11. An information processing apparatus that outputs information to a plurality of display devices disposed in front of the driver's seat in a vehicle compartment, wherein, The aforementioned information processing apparatus includes a control unit that performs the following processes: Based on the data obtained by the sensors, i.e., the first data, the direction that the driver of the vehicle equipped with the above-mentioned multiple display devices is looking at is inferred, i.e., the first direction. and When a prescribed notification is generated from the vehicle toward the driver, the prescribed notification is output to the first display device selected based on the first direction among the plurality of display devices.
12. The information processing apparatus according to claim 11, wherein, The aforementioned control unit outputs the aforementioned notification to the display device closest to the axis indicating the aforementioned first direction.
13. The information processing apparatus according to claim 11, wherein, The control unit determines the display device that exists in a region within a specified distance from the axis representing the first direction as the first display device, and outputs the specified notification to the first display device.
14. The information processing apparatus according to claim 13, wherein, When multiple display devices exist in an area within a specified range from the axis representing the first direction, the control unit will determine the display device with the highest pre-assigned priority as the first display and output the specified notification to the first display.
15. The information processing apparatus according to claim 11, wherein, When there is no display device in the area within a specified distance from the axis representing the first direction, the control unit determines the first display based on the type of notification or the source of the notification, and outputs the specified notification to the first display.

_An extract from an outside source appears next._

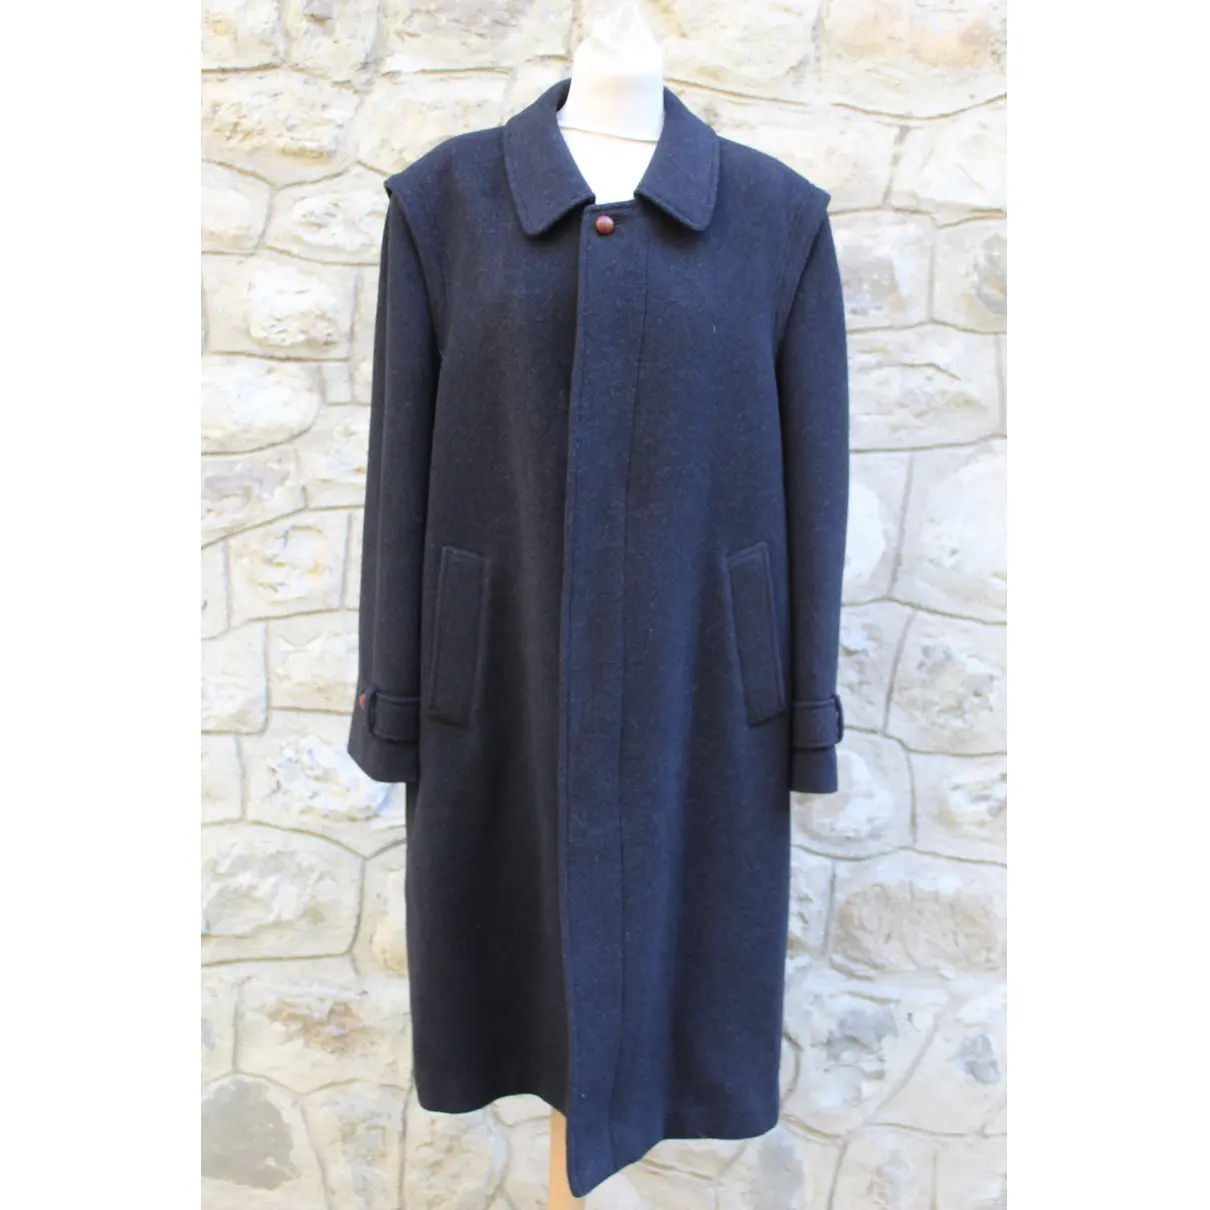 Buy Schneiders Wool coat online

16. The information processing apparatus according to claim 11, wherein, After outputting the aforementioned notification to the first display, the control unit determines whether the driver is looking at the first display based on second data obtained from the sensor, which is different from the first data. If it is determined that the driver is not looking at the first display, it is inferred that the direction the driver is looking in, which is different from the first direction, is the second direction. The notification specified above is output to the display device selected based on the second direction, namely the second display.
17. The information processing apparatus according to claim 11, wherein, The aforementioned first data includes data used to determine which of the plurality of display devices is being operated by the driver. If the control unit determines, based on the first data, that the driver is operating the third display, it outputs the aforementioned notification to the third display.
18. The information processing apparatus according to claim 11, wherein, The aforementioned sensors include vehicle-mounted cameras. The aforementioned first data includes image data captured by the aforementioned vehicle-mounted camera.
19. An information processing method, performed by an in-vehicle system having an information processing device for outputting information via multiple display devices, wherein, The above information processing methods include: The step of inferring the direction the driver of the vehicle equipped with the aforementioned in-vehicle system is looking at, i.e., the first direction, based on data obtained from sensors, i.e., the first data; and In the event that a prescribed notification is generated from the aforementioned vehicle system toward the aforementioned driver, the step of outputting the prescribed notification to the first display device selected based on the aforementioned first direction among the plurality of display devices is taken.
20. A non-transitory storage medium, wherein, The system contains a program for causing a computer to perform the information processing method of claim 19.